Hawkmistress! A DARKOVER NOVEL by Marion Zimmer Bradley

“Your father has given strict orders,” Gwennis said, “Lady Luciella made me throw them out – they’re hardly fit for the hawkmaster’s boy now, those old things. Your new habit’s being made, and you can wear your old one till it’s ready, my pet” She pointed to the riding-skirt and tunic laid out on Romilly’s bed. “Here, my lamb, I’ll help you lace it up.”

“You threw them out?” Romilly exploded, “How dared you?”

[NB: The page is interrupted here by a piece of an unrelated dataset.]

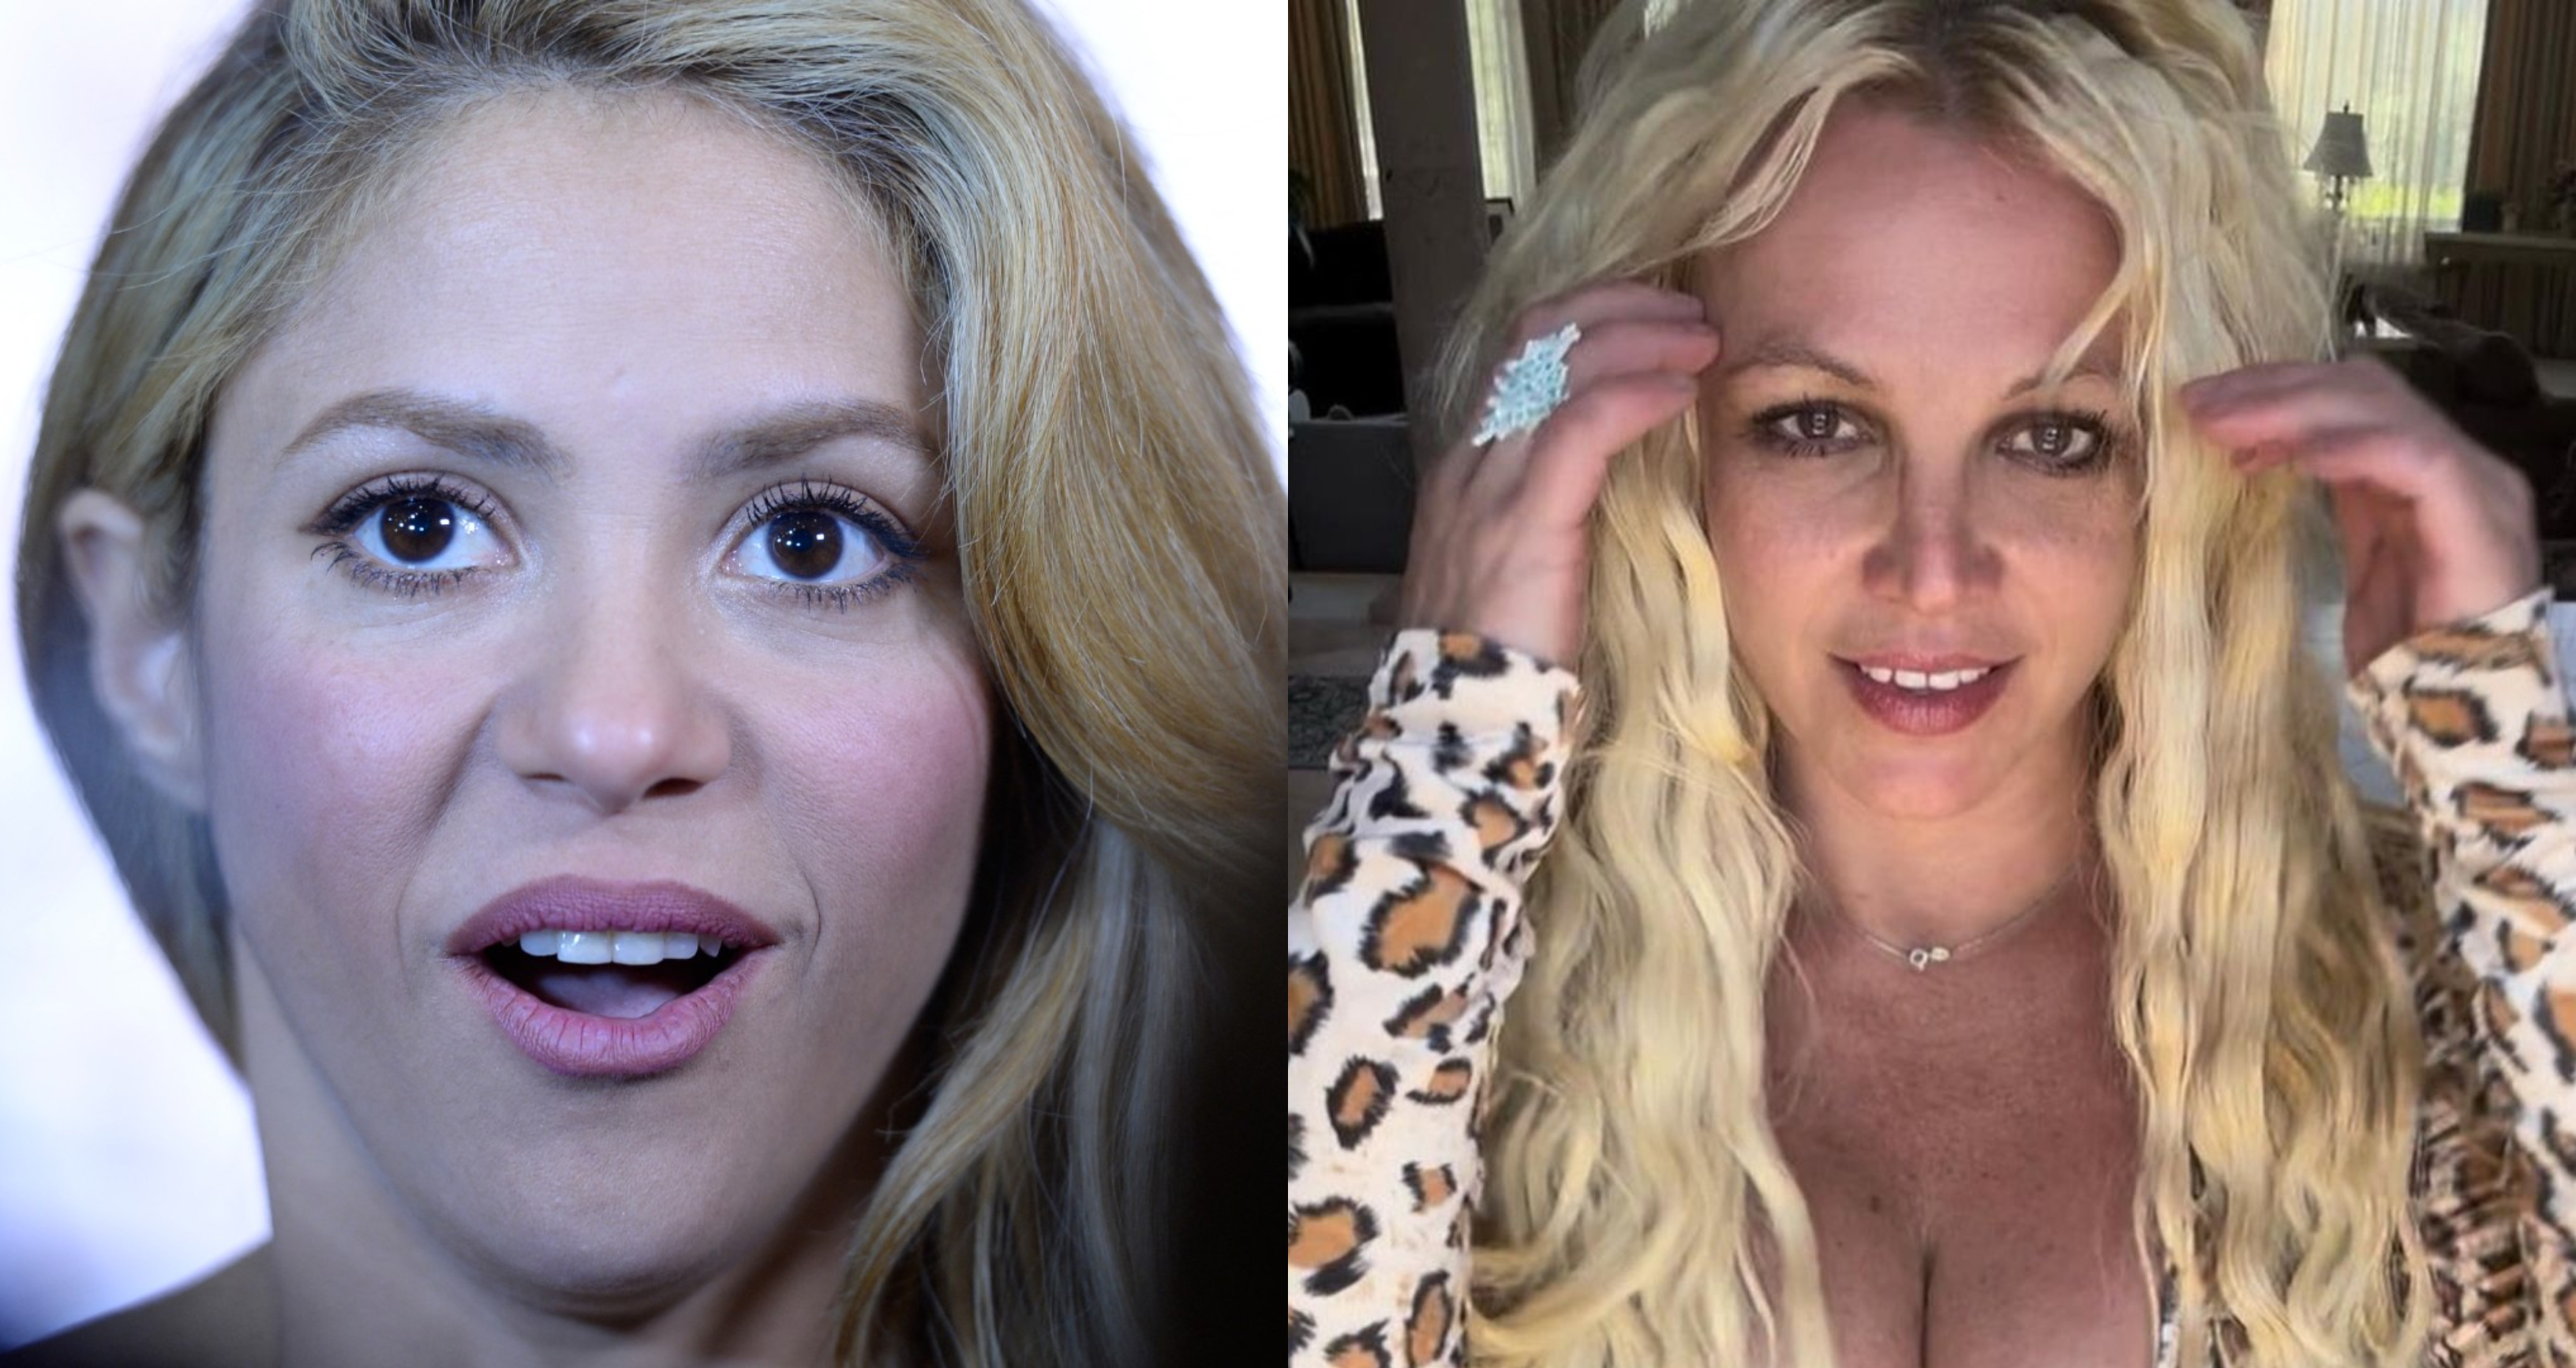 Culpan a Shakira de los videos preocupantes de Britney Spears en redes sociales

“Oh, come, don’t talk like that, my little love, we all have to do what Lady Luciella says, don’t we? That habit still fits you fine, even if it’s a little tight at the waist – see, I let it out for you yesterday, when Lady Luciella told me.”

“I can’t ride Windracer in this!” Romilly wadded up the offending skirts and flung them across the room. “He’s not used to a lady’s saddle, and I hate it, and there aren’t guests or anything like that! Get me some riding breeches,” she stormed, but Gwennis shook her head sternly.

“I can’t do that, lovey, your father’s given orders, you’re not to ride in breeches any more, and it’s about time, you’ll be fifteen ten days before Midsummer, and we must think now about getting you married, and what man will want to marry a hoyden who races around hi breeches like some camp-follower, or one of those scandalous women of the Sisterhood, with sword and ears pierced? Really, Romy, you should be ashamed. A big girl like you, running off to the hawk-house and staying out all night like that – it’s time you were tamed down into a lady! Now put on your riding-skirts, if you want to ride, and let’s not have any more of this nonsense.”

Romilly stared in horror at her nurse. So this was to be her father’s punishment Worse, far worse than a beating, and she knew that from her father’s orders there would be no appeal.

I wish he had beaten me. At least he would have been dealing with me, directly, with Romilly, with a person. But to turn me over to Luciella, to let her make me into her image of a lady….

“It’s an insult to a decent horse,” Romilly stormed, “I won’t do it!”

She aimed a savage kick at the offending habit on the floor.

“Well, then, lovey, you can just stay inside the house like a lady, you don’t need to ride,” said Gwennis complacently, “You spend too much time in the stables as it is, it’s time you stayed more in the house, and left the hawks and horses to your brothers as you should.”

Appalled, Romilly swallowed down a lump in her throat, looking from the habit on the floor to her beaming nurse. “I expected this of Luciella,” she said, “she hates me, doesn’t she? It’s the sort of spiteful thing Mallina might do, just because she can’t ride a decent horse. But I didn’t think you’d join with them against me, Nurse!”

“Come, you mustn’t talk like that,” Gwennis said, clucking ruefully, “How can you say that about your kind stepmother? I tell you, not many stepmothers with grown daughters are as good to them as Lady Luciella is to you and Mallina, dressing them up in beautiful things when you’re both prettier than she is, knowing Darren’s to be Lord here and her own son only a younger son, not much better than a nedestro! Why, your own mother would have had you out of breeches three years ago, she’d never have let you run around all these years like a hoyden! How can you say that she hates you?”

Romilly looked at the floor, her eyes stinging. It was true; no one could have been kinder to her than Luciella. It would have been easier if Luciella had ever showed her the slightest unkindness. I could fight against her, if she was cruel to me. What can I do now?

And Preciosa would be waiting for her; did Gwennis really think she would leave her own hawk to the hawkmaster’s boy, or even to Davin himself? Her hands shook with fury as she pulled on the detested habit, threadbare blue gabardine and in spite of Gwennis’s alterations, still too tight in the waist, so that the lacings gaped wide over her undertunic. Better to ride in skirts than not to ride at all, she supposed, but if they thought they had beaten her this easily, they could think again!